I am not sure if this applies to you, but I have a standing debit order with godaddy, the cost being $10 per annum.


----------



## emopoops (Jan 27, 2009)

oh nice to know....


----------



## Couriant (Mar 26, 2002)

Not too sure on this, but I think you can go to a different one if they are cheaper and move your domain name to them. ie i think 1&1 is like $5.


----------



## wesware (Jun 18, 2009)

Should be around $10. It is probably set to auto renew.


----------



## SVTCobraLTD (Nov 18, 2007)

1and1 is horrible to deal with. I have godaddy for just my domain names. My actual space is through HostGator and I rarely have a problem with them.


----------



## snorkytheweasel (May 3, 2006)

Godaddy has more sales than a persian rug dealer. The prices change every day. I get several e-mails from them each month encouraging me to add, renew, or transfer domains.

The prices are good, and the service is good (online chat or toll-free telephone with technical support).

My only complaint is that godaddy is the world's slowest website. Whenever I need to work on my account I assume that I'll spend 20 minutes to do 3 minutes of work. The rest of the time is spent waiting.....
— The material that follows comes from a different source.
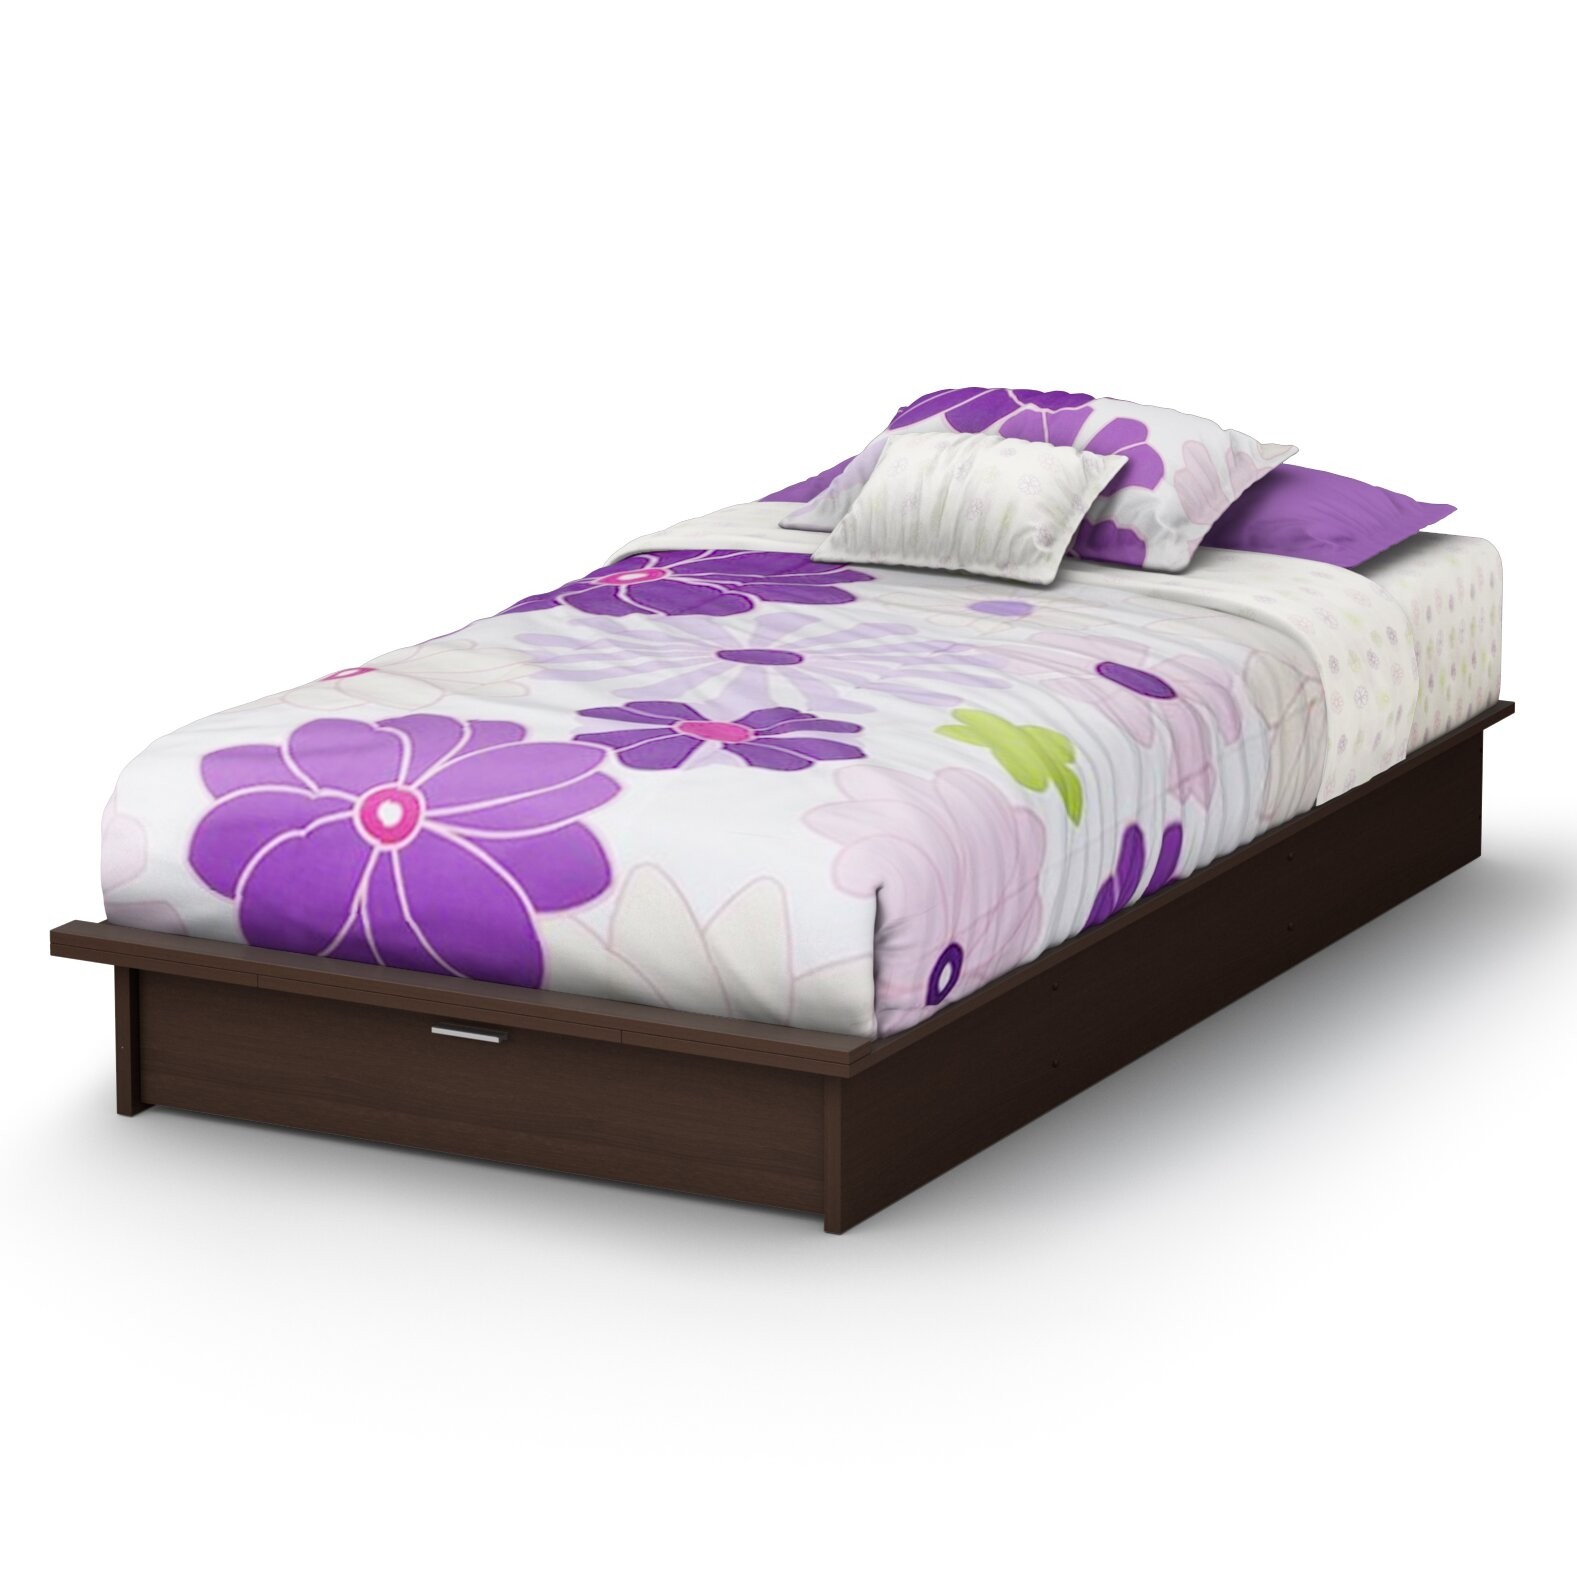 South shore step one twin platform bed with storage

If you've never used dial-up - if you've only used broadband - go set up a godaddy account (it's free) and get a look into the past by logging in and going to your account. You'll see the agony of the slo-o-o-o-w connections we used to endure (my internet days go back to dial-up with 24kbs connections - then 33 kbs, and finally 56 kbs).

FWIW my first modem was 300baud - and my friends were jealous because they had 75baud and 150 baud. I was amazed at the speed when I went up to 1200baud. but I digress.....

The owner of godaddy fancies himself to be important.... he bombards you with pleas to go look at his blog (yawn) or his slightly risque videos. I'm not making this up.

Can someone explain the value added of having a celebrity spokesbimbo on a site that caters mostly to the web-savvy among us? Godaddy has a race car driver telling us why we should buy internet services at godaddy.

And WTF is up with that business name?

BTW- the answer to your question is "it depends." 5.95 - 12.95 USD per year for most domains (COM, NET, ORG, MOBI). The more exotic top-level domains are pricer.

</rant>


----------